Galdana Ventures is a venture capital fund of funds that invests in venture capital firms. The company states that its management team has more than 100 years of combine experience as entrepreneurs and investors.

Lee has acted as a Business Angel, investing in start-ups in the Spanish ecosystem including Badi, Housfy, Exoticca, Paack, Glovo, and LingoKids.

==Entrepreneurship ==
- Scubastore.com (TradeINN.com)
- The Etailers
- Fhios
- Hotelerum (Travel Compositor)
- Safe365
- OBS Threepoints
- Galdana Ventures

==Dídac Lee and FC Barcelona==
Lee is a former board member of FC Barcelona, he served on the board for 10 years from 2010 to 2020. Since 2018, he was head of Digital, an internationally recognized reference in its field, with 370 million followers in social media and more than 100M Euros in turnover. Among Lee's achievements at FCB, one of the biggest is the leading of the digitalization of the club.

Over the years, Lee has been cited by the press as an expert in the digital sports sector. During his time at FCB, he was the official spokesman of the FC Barcelona Digital Area.

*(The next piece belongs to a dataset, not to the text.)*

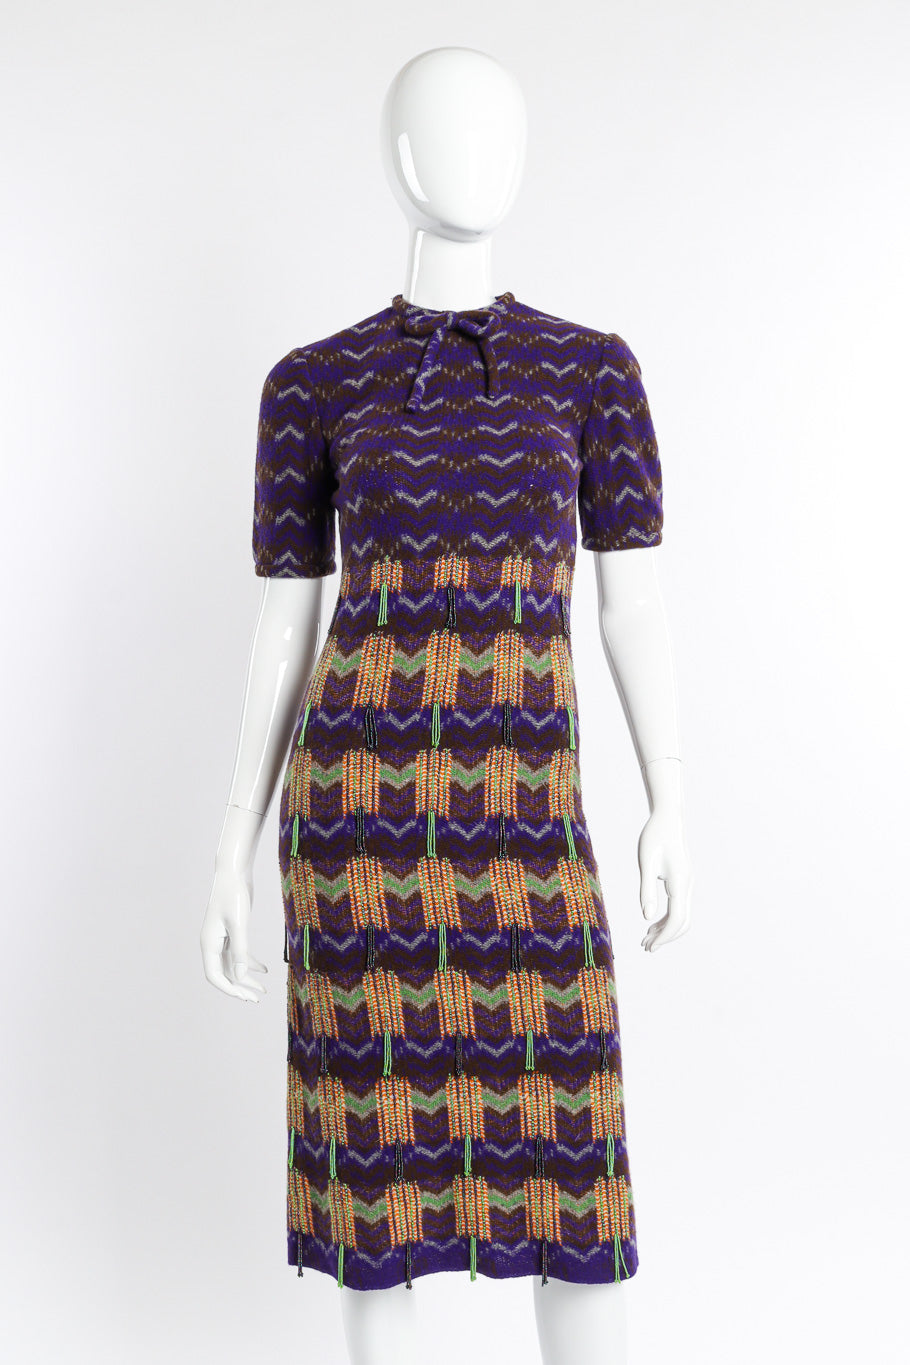 Vintage Richard Tam/Jon Mandl Chevron Knit Loop Dress front on mannequin @recessla

Dídac is often invited as Guest Speaker at Sport Conferences and Events globally, some of the recent ones are:
- ISE 2020, Agora Event: https://www.fcbarcelona.com/en/club/news/1609125/barcas-new-digital-strategy-features-at-ise-2020-in-amsterdam
- Sports Pro Live 2020: https://www.sportspromedia.com/news/barcelona-youtube-subscribers-video-streaming-platform-barca-studios
- SoccerEx Connected: https://www.fcbarcelona.com/en/club/news/1839096/didac-lee-tells-soccerex-about-the-barca-tv-project

==Honors and personal life ==
- 2005: Best Technology Entrepreneur of the University of Cambridge.
- 2006: Best Entrepreneur of the Year. Award granted by the AIJEC.
- 2006: Award "Gironí de l’Any".
- 2007: Ferrer Salat Award Entrepreneur of the Future, by Fomento del Trabajo.
- 2007: Best Entrepreneur Award Overseas, by the Taiwanese government.
- 2007: Award for Best Creative Young Entrepreneur Catalunya 2007, awarded by the Junior Chamber International Catalunya.
- 2008: Award Empordà County Council l'Alt Empordà.
- 2008: Internationalization Accesit in the National Young Entrepreneur Award, awarded by CEAJE.
- 2010: Chosen by IESE as one of 20 entrepreneurs from 40 years of the country's most influential.
- 2011: Finalist in the Entrepreneur Award for Entrepreneur Magazine.
- 2012: Entrepreneur of the Year Award by Ideateca.
- 2013: Best European Mentor, awarded by Founder Institute.
- 2018: Doctor Honoris Causa from the 21st Century Business University
- 2019: Entrepreneur of the Year by PIMEC
- 2019: Best Business Angel by AEBAN

Lee is from Figueres, a small town located 140 km north-east of Barcelona. When he is not traveling between China and the Silicon Valley, he lives in Barcelona and Figueres; he loves practicing adventure sports like quad and buggy racing, scuba diving and skateboarding. Since Dídac is currently on the scientific committee of FEDAS (Spanish Federation of sub-aquatic activities).

His parents emigrated from Taiwan to Spain more than 50 years ago, he is fluent in 5 languages including Mandarin Chinese.